В тот самый день, когда Джеси поручил мне самостоятельный участок, меня ожидал обед у Билов. Надо ли говорить, что миссис Бейли бесстрастно восприняла новость о моем повышении; ее гораздо больше волновало, как я оденусь к обеду, ибо приглашение к Билам в ее глазах было чуть ли не равносильно вызову в Букингемский дворец.

– И я совершенно уверен, – торжествующе говорил я за чаем, – что в конце концов приучу этих песцов брать корм у меня из рук.

– Как это кстати, – заметила миссис Бейли, не слушая меня, – что я заштопала ваши голубые носки. Я считаю, вам надо идти в синей рубашке, она очень подходит к вашим глазам.

– Спасибо, – отозвался я. – Понимаете, с этим вомбатом придется повозиться…

– А ваши чистые носовые платки лежат в левом ящике. Жаль только, голубого нет.

– Да оставь ты парня в покое, – пожурил ее Чарли. – Он же не на конкурс красоты отправляется.

– Не в том дело, Чарли Бейли, и ты это прекрасно знаешь. Этот обед может сыграть важную роль. Джерри должен выглядеть прилично. И что скажут люди, если он у меня будет выглядеть, как бродяга? Скажут, что я его совершенно запустила. Скажут, что я обманом выкачиваю из него денежки. Он живет здесь вдали от дома, от матери, от всех, кто мог бы его направлять… значит, мы должны взять это на себя. Ты как хочешь, Чарли Бейли, но уж я послежу, чтобы парень был чистым и опрятным, не позорил себя и нас. Представь себе, если капитан Бил…

Наконец мы управились с жгучим супом, капитан протопал на кухню и вернулся с исполинской миской.

– С этими карточками окаянными разве наберешь достаточно мяса для приличного кэрри, – ворчал он. – Придется вам довольствоваться тем, что есть. Это кролик.

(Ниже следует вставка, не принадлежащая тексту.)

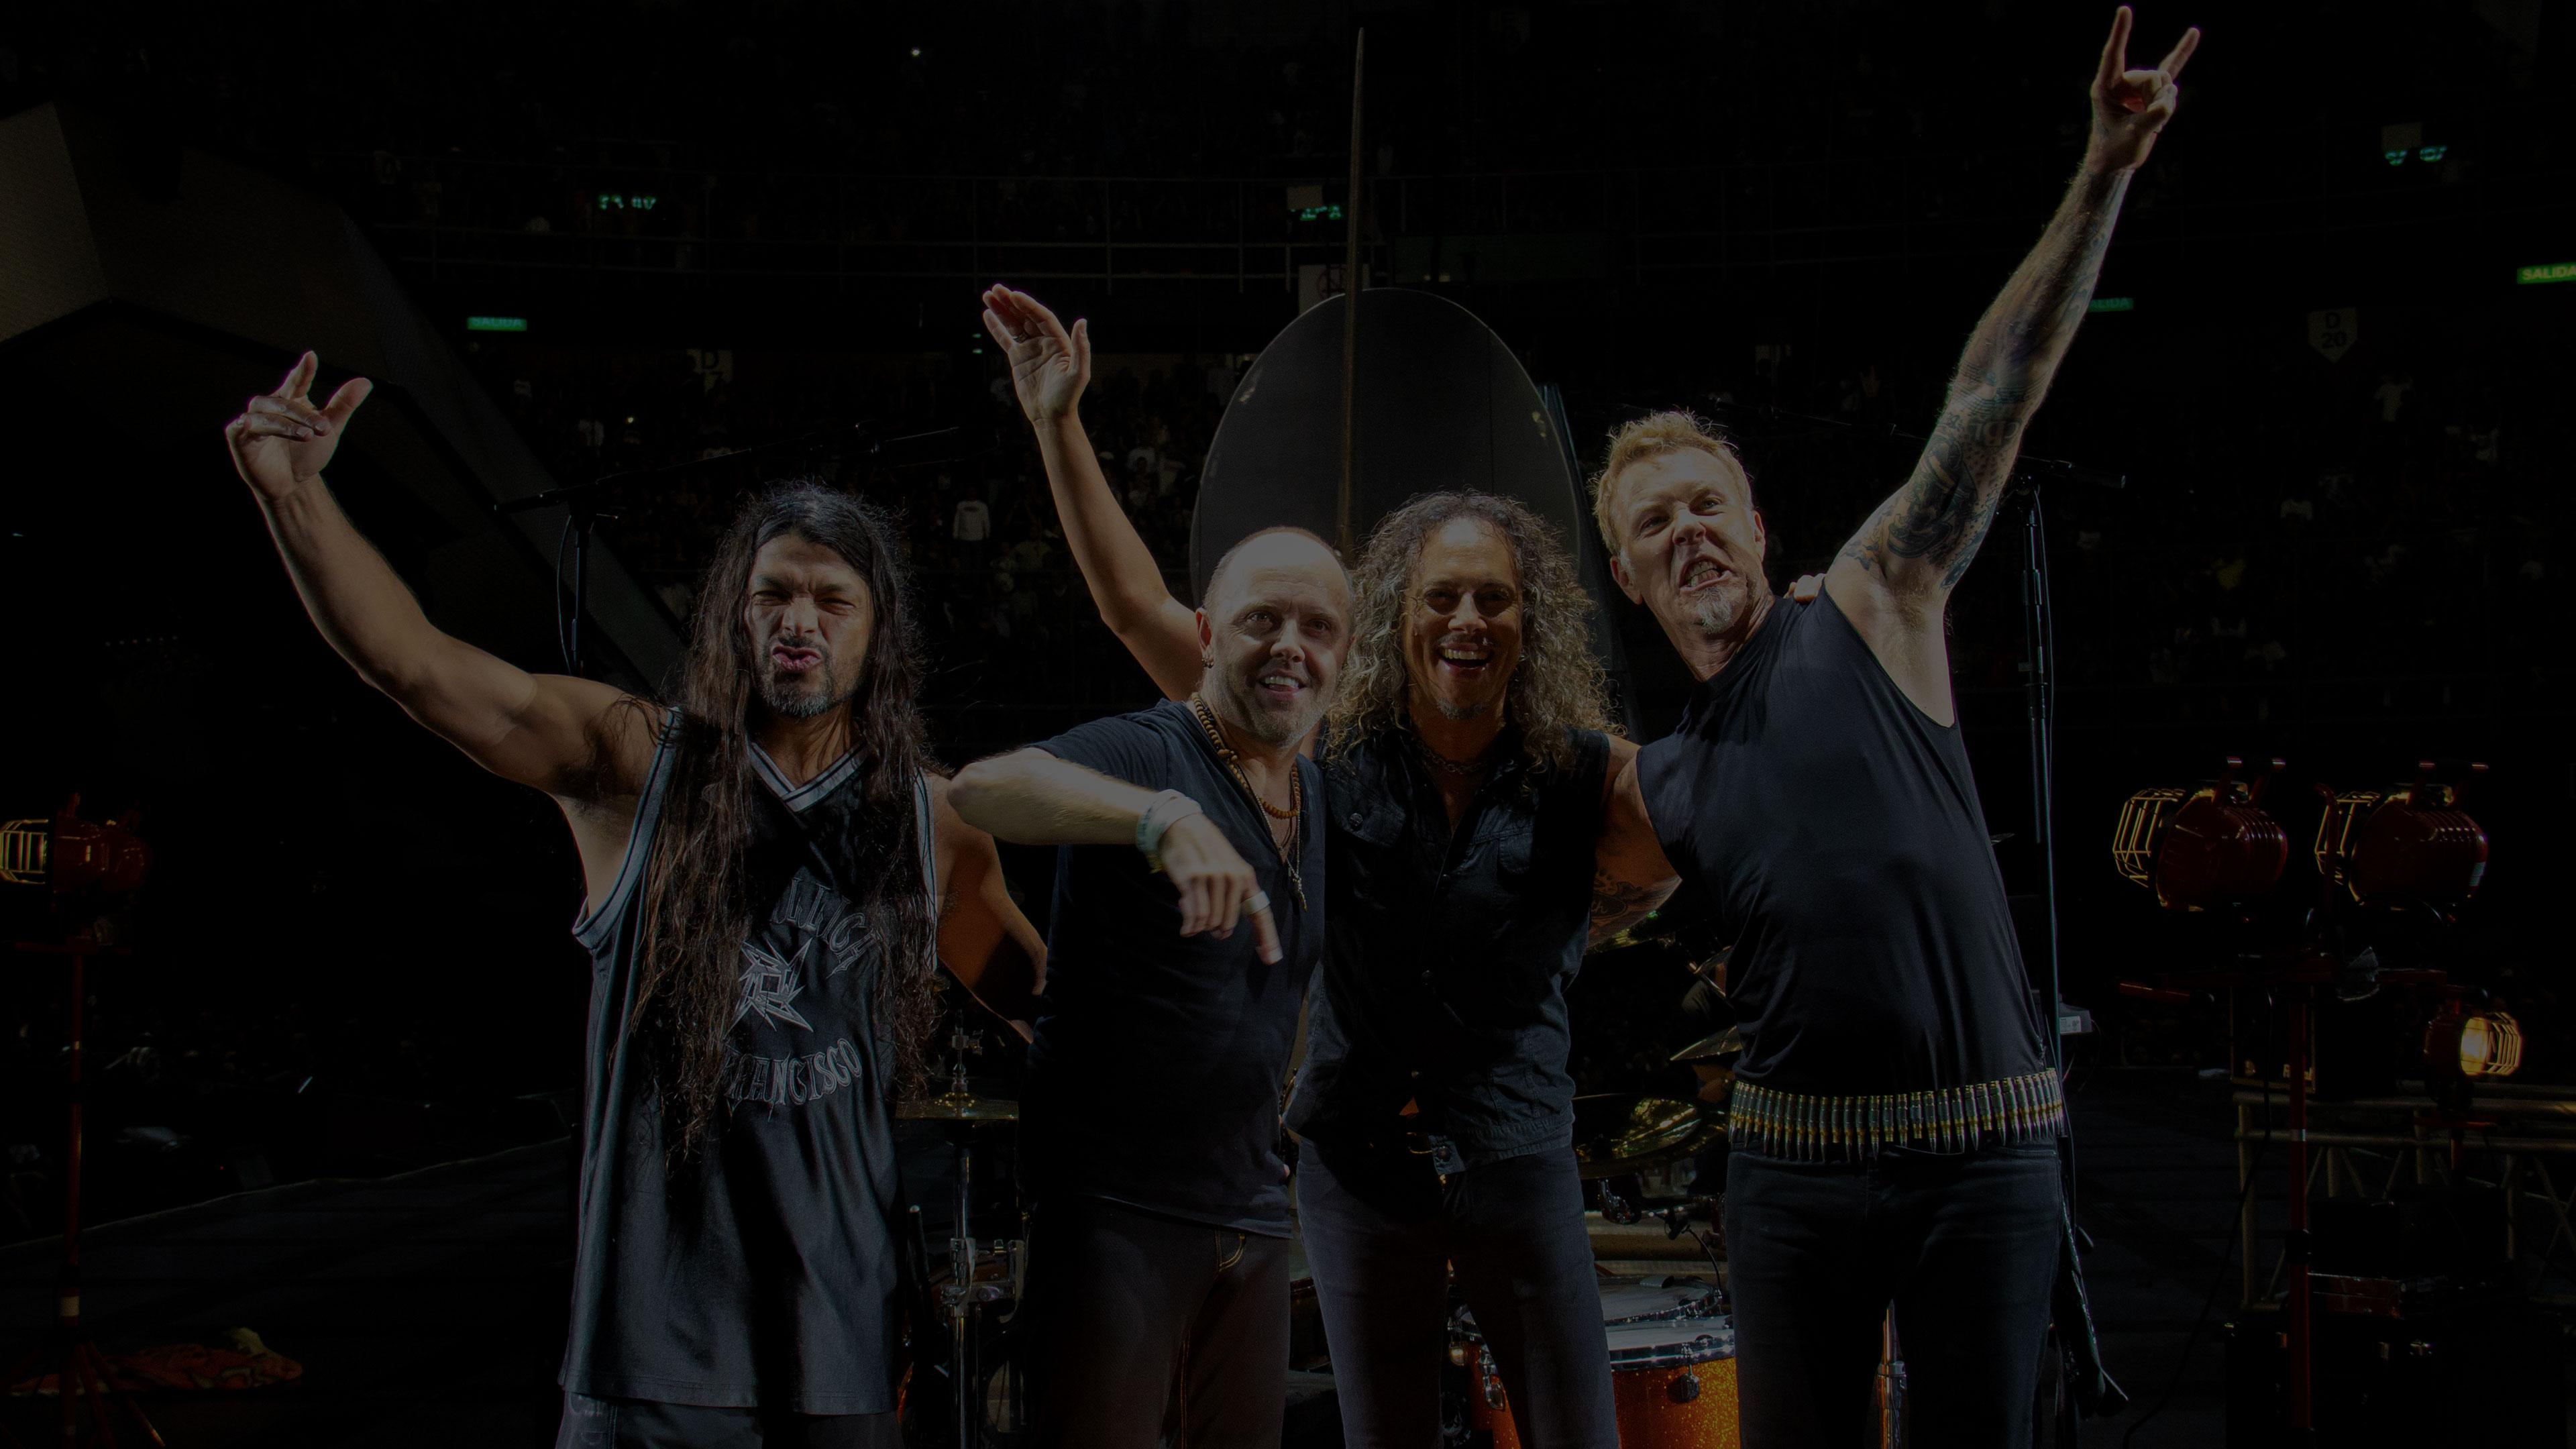 Metallica at Palacio de los Deportes in Mexico City, Mexico on August 4, 2012

Он поднял крышку, и над обеденным столом повисло облако густого, словно лондонский туман, ароматного пара. Казалось, ваше горло мертвой хваткой сжимает беспощадная рука и в легких оседает едкая роса. Мы потихоньку прокашлялись. Кэрри был отменный, но я поблагодарил небо за то, что вырос в доме, где постоянно готовили острые блюда; только это спасло мой язык и голосовые связки. После первых же глотков все, хватая ртом воздух, судорожно потянулись к графину с водой, чтобы охладить обожженную гортань.

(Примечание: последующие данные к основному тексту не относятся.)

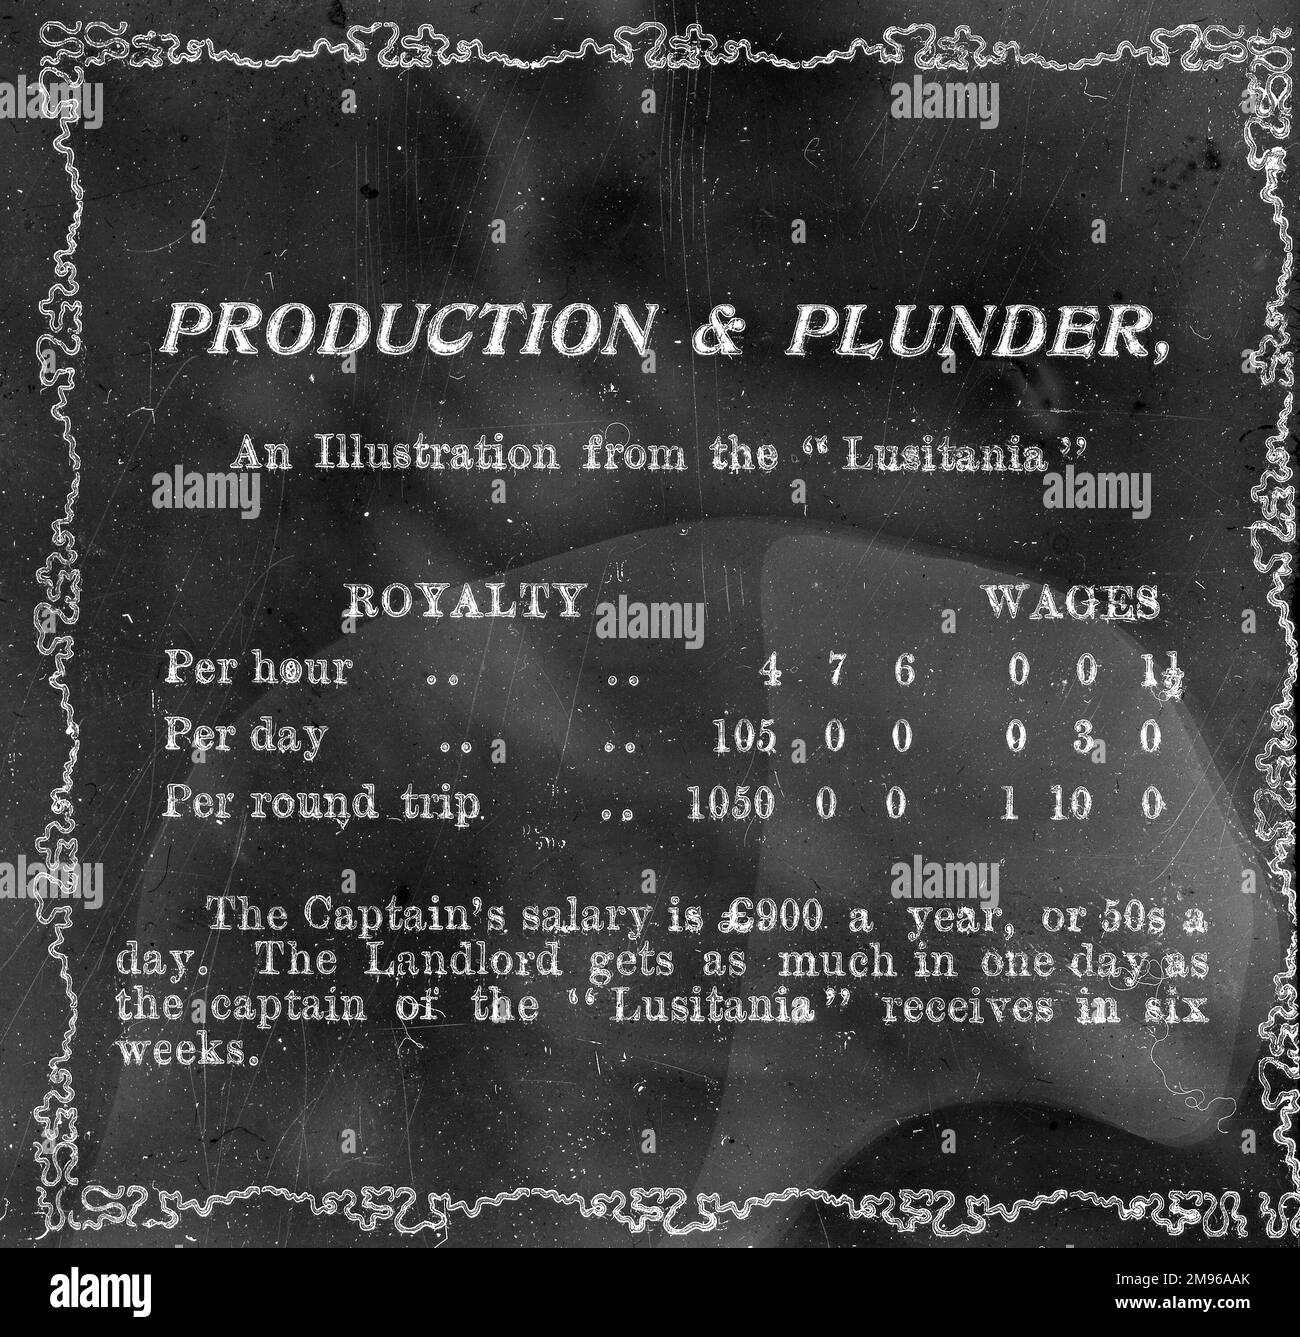 Eine Folie mit dem Titel Production & Plunder, die für einen Vortrag über die South Wales Miners Federation verwendet wird. Es sind Statistiken aufgeführt, in denen die Lizenzgebühren für die Nutzung von Kohle auf dem Luxusdampfer Lusitania mit den Löhnen der Bergleute verglichen werden. Stockfoto

– Не пейте воды! – пророкотал капитан; пот градом катился по его лицу, даже очки запотели. – От воды только хуже будет.

– Я тебя предупреждала, милый Вильям, что будет слишком остро, – с протестом в голосе вымолвила красная, как мак, миссис Бил.

Обе еврейки издавали странные, нечленораздельные звуки; физиономия Билли уподобилась цветом его шевелюре; бледное от природы лицо Лоры налилось кровью.

– Вздор, – заявил капитан, вытирая голову, лицо и шею платком и расстегивая до пояса рубашку, – совсем не слишком, в самый раз, верно, Даррелл?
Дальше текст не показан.